━━━━━ TASK DATA

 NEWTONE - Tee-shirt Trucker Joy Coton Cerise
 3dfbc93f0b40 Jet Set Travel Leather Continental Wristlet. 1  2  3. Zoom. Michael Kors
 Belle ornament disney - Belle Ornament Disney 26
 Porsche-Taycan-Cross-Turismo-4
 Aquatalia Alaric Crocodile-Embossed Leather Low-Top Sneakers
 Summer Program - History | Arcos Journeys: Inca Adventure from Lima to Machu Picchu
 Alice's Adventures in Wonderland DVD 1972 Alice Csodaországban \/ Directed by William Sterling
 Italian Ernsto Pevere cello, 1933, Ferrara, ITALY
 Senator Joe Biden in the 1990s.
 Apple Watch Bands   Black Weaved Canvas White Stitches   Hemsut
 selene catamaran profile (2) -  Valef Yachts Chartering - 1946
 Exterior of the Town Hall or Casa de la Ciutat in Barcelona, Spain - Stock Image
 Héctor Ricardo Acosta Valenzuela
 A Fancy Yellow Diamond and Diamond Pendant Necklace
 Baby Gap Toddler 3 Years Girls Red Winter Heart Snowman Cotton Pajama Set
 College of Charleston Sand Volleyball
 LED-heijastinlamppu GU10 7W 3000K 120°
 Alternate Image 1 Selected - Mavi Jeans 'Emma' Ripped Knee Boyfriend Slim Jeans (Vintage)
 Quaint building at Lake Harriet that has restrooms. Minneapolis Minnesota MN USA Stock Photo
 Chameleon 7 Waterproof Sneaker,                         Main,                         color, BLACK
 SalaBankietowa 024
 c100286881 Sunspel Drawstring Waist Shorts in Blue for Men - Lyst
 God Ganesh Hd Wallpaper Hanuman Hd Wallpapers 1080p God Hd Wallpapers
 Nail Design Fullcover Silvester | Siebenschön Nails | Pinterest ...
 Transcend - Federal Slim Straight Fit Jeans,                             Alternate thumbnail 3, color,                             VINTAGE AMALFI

━━━━━━━━━━

WORK TO BE COMPLETED
Restate each record exactly as written.

ANSWER SPACE
 NEWTONE - Tee-shirt Trucker Joy Coton Cerise
 3dfbc93f0b40 Jet Set Travel Leather Continental Wristlet. 1  2  3. Zoom. Michael Kors
 Belle ornament disney - Belle Ornament Disney 26
 Porsche-Taycan-Cross-Turismo-4
 Aquatalia Alaric Crocodile-Embossed Leather Low-Top Sneakers
 Summer Program - History | Arcos Journeys: Inca Adventure from Lima to Machu Picchu
 Alice's Adventures in Wonderland DVD 1972 Alice Csodaországban \/ Directed by William Sterling
 Italian Ernsto Pevere cello, 1933, Ferrara, ITALY
 Senator Joe Biden in the 1990s.
 Apple Watch Bands   Black Weaved Canvas White Stitches   Hemsut
 selene catamaran profile (2) -  Valef Yachts Chartering - 1946
 Exterior of the Town Hall or Casa de la Ciutat in Barcelona, Spain - Stock Image
 Héctor Ricardo Acosta Valenzuela
 A Fancy Yellow Diamond and Diamond Pendant Necklace
 Baby Gap Toddler 3 Years Girls Red Winter Heart Snowman Cotton Pajama Set
 College of Charleston Sand Volleyball
 LED-heijastinlamppu GU10 7W 3000K 120°
 Alternate Image 1 Selected - Mavi Jeans 'Emma' Ripped Knee Boyfriend Slim Jeans (Vintage)
 Quaint building at Lake Harriet that has restrooms. Minneapolis Minnesota MN USA Stock Photo
 Chameleon 7 Waterproof Sneaker,                         Main,                         color, BLACK
 SalaBankietowa 024
 c100286881 Sunspel Drawstring Waist Shorts in Blue for Men - Lyst
 God Ganesh Hd Wallpaper Hanuman Hd Wallpapers 1080p God Hd Wallpapers
 Nail Design Fullcover Silvester | Siebenschön Nails | Pinterest ...
 Transcend - Federal Slim Straight Fit Jeans,                             Alternate thumbnail 3, color,                             VINTAGE AMALFI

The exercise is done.